Вблизи слышен приглушенный шепот и виден блеск многих глаз. Наша лампа привлекла жителей деревни.

Из мрака показалась девочка, не больше девяти лет. Она шла медленно, несмело, нерешительно, пока не подошла совсем близко. В ее больших, красивых, широко раскрытых глазах невиданное изумление. Девочка дрожит от волнения. Она поддалась чарам света так же, как насекомые.

Другие двинулись по ее следу, подошли к самой веранде, стали в двух шагах от манящей лампы. Мужчины, женщины, даже маленькие дети, которых приподымают старшие, чтобы они могли увидеть колдовство белого человека. Блестят глаза, сверкают зубы. Стихийный прилет насекомых вызвал страшное любопытство. Они внимательно пожирают глазами каждое движение Богдана. Когда он собирает насекомых в банку с ядом и умерщвляет их, следуют возбужденные замечания и недовольство. Шепот часто вздымается, как бурная волна, и доносятся слова погромче, затем ненадолго наступает внезапная тишина, как будто вся толпа поражена.

Мы чувствуем себя как актеры на сцене перед зрительным залом.

— Что это за слово, которое они так часто повторяют? — опрашиваю у Богдана.

— Не мпакафу ли?

— Правильно, мпакафу. Что оно может означать?

— Может быть, колдун? — догадывается с некоторым беспокойством мой товарищ.

— Снова не хватает нам учителя.

— Ангел-хранитель Рамасо должен поселиться вместе с нами, — пошутил Богдан.

Вдруг какое-то мощное насекомое с громким шумом закружилось в воздухе и затем село. Богомолтисма — один из самых внушительных видов этого типа и один из самых чудовищных хищников. Садясь, богомол встряхивает всю простыню.

Тисма всегда и везде пожирает других насекомых. Но сейчас — глазам не верится — сплошная идиллия: богомол уселся рядом с аппетитной прялкой, почти касаясь ее, — и ничего. Самое невероятное приключение этой ночи, самое непонятное и таинственное явление природы: богомол не схватил сидящую рядом жертву.

Он поднял над головой длинные передние лапы, ощетинившиеся смертоносными шипами, и движение это не лживо — богомол действительно молится. Неподвижный, с поднятой головой, он вперил жадные глаза в лампу и, обессиленный, ослепленный ее блеском, как бы отдает почтительную дань могучему божеству — свету.

Вдруг — что это? Мы затаили дыхание и прислушались. Из ближайшего леса доносится мрачный вой. В темноте слышатся протяжные громкие звуки. Они заполняют всю долину. Заполняют не то тоскливой жалобой, не то просьбой о помиловании.

Это воют лемуры. Воют на наш свет. Свет разбудил их на горных склонах соседнего леса.

Прервав на минуту ночную охоту, я вошел в кухню, где наш повар Марово мыл посуду после ужина.

— Марово, — обращаюсь к нему, — что означает слово мпакафу?

Внезапный ужас появился в его глазах. Он весь помертвел и долго не может опомниться от страха.

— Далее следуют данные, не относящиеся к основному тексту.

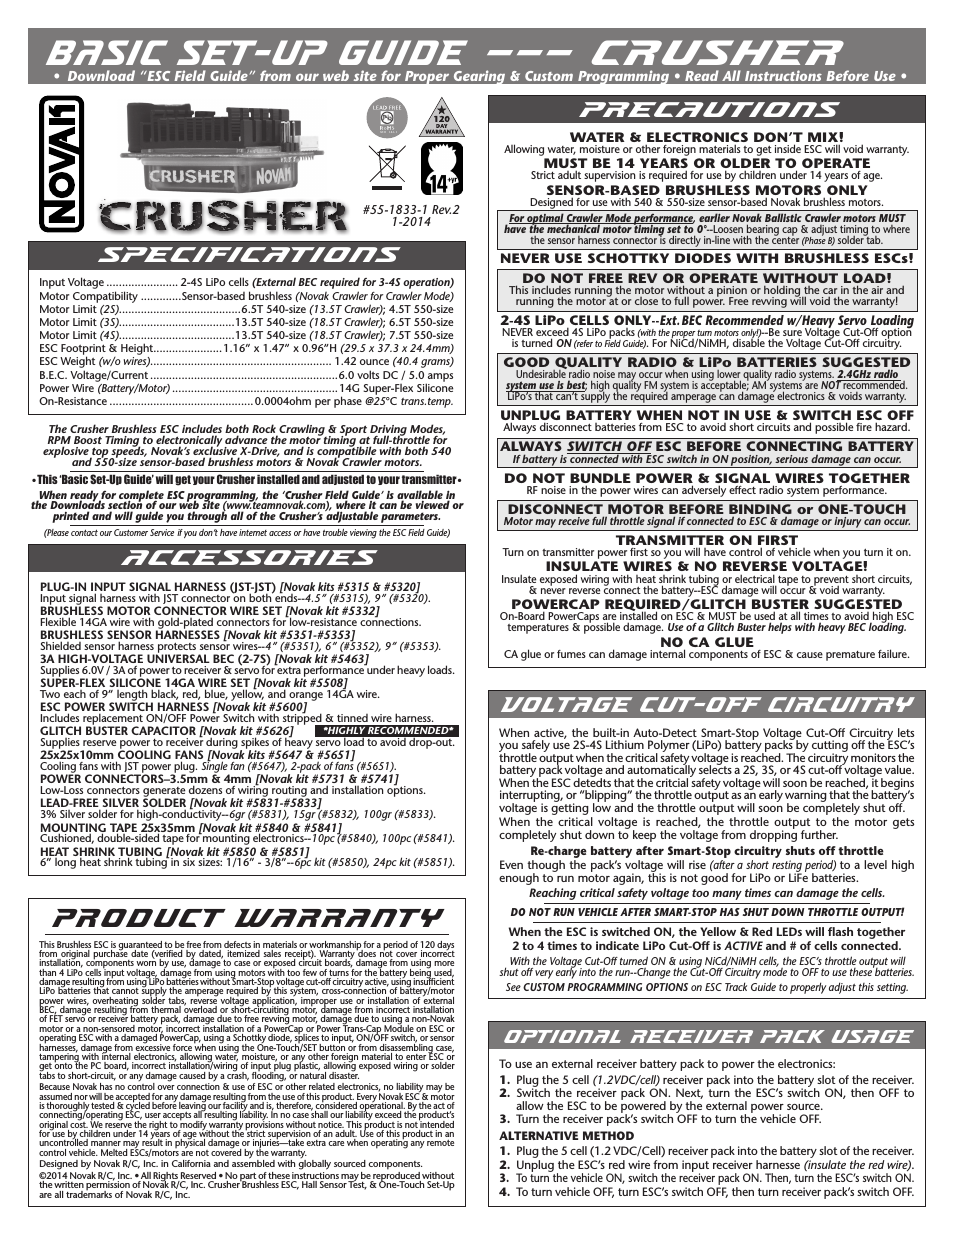 Brushless Speed Control: Crusher Basic Set-Up (original) (55-1833-1 Rev.2)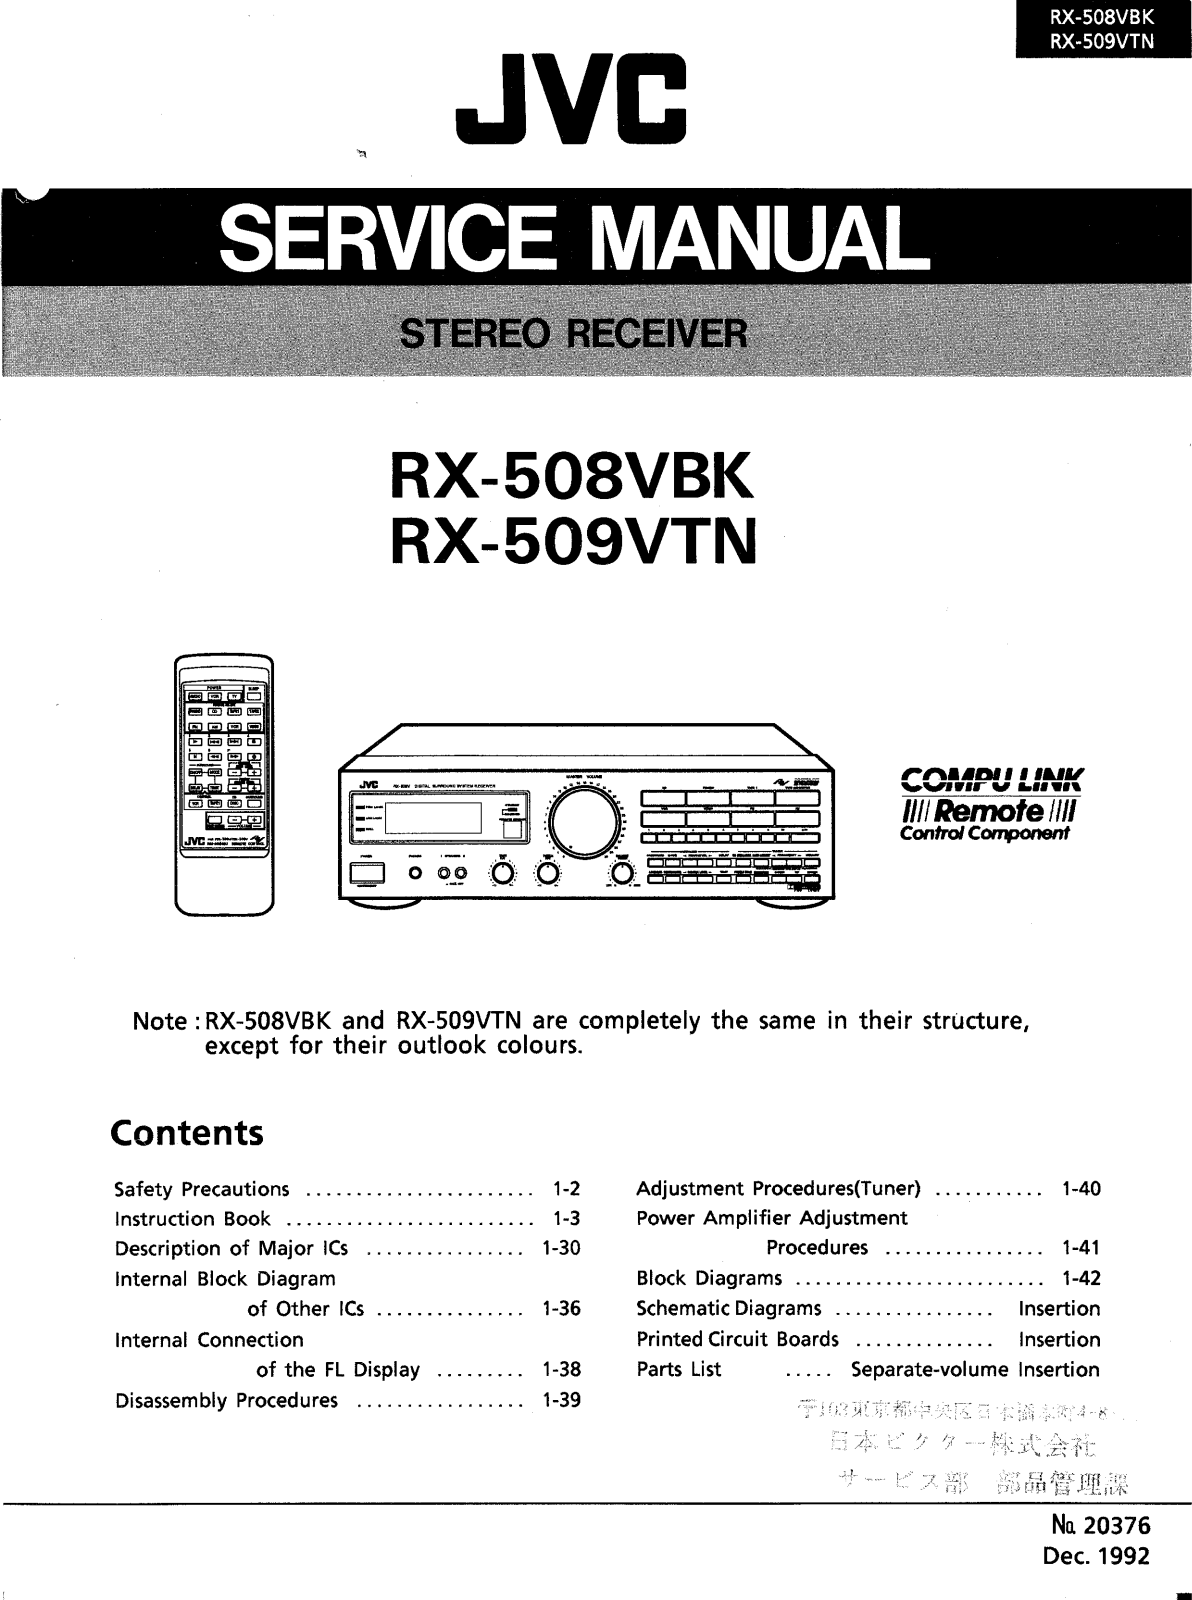 JVC RX-508-VBK, RX-509-VTN Service manual

— Ну, скажи! — настаиваю дружелюбно.

— Не знаю, я ничего не знаю, — бормочет он дрожащим голосом.

— Марово, не бойся! Не будь ребенком! Скажи, что оно значит.

Но повар твердил одно и то же, что ничего не знает, потом он замкнулся в мрачном молчании и не стал отвечать ни на один вопрос.

На следующий день рано утром он принес нам вкусный завтрак: яичницу, сухарики, привезенные из Тананариве, масло, джем, пучок сладких бананов, ароматный кофе. После завтрака он старательно прибрал нашу хижину, состоящую из одной большой комнаты, смахнул крошки с нашей незатейливой мебели — стола и нескольких грубо сколоченных стульев; затем надел чистую рубаху, стал передо мной и торжественно попросил отпустить его немедленно.

— Вот так сюрприз! — восклицаю я. — Почему так внезапно?

Марово отвечает, что у него страшно болит голова, что в Мароанцетре у него беременная жена, что заболели дети, что ночью ему приснился тесть и звал его и он должен пойти к тестю…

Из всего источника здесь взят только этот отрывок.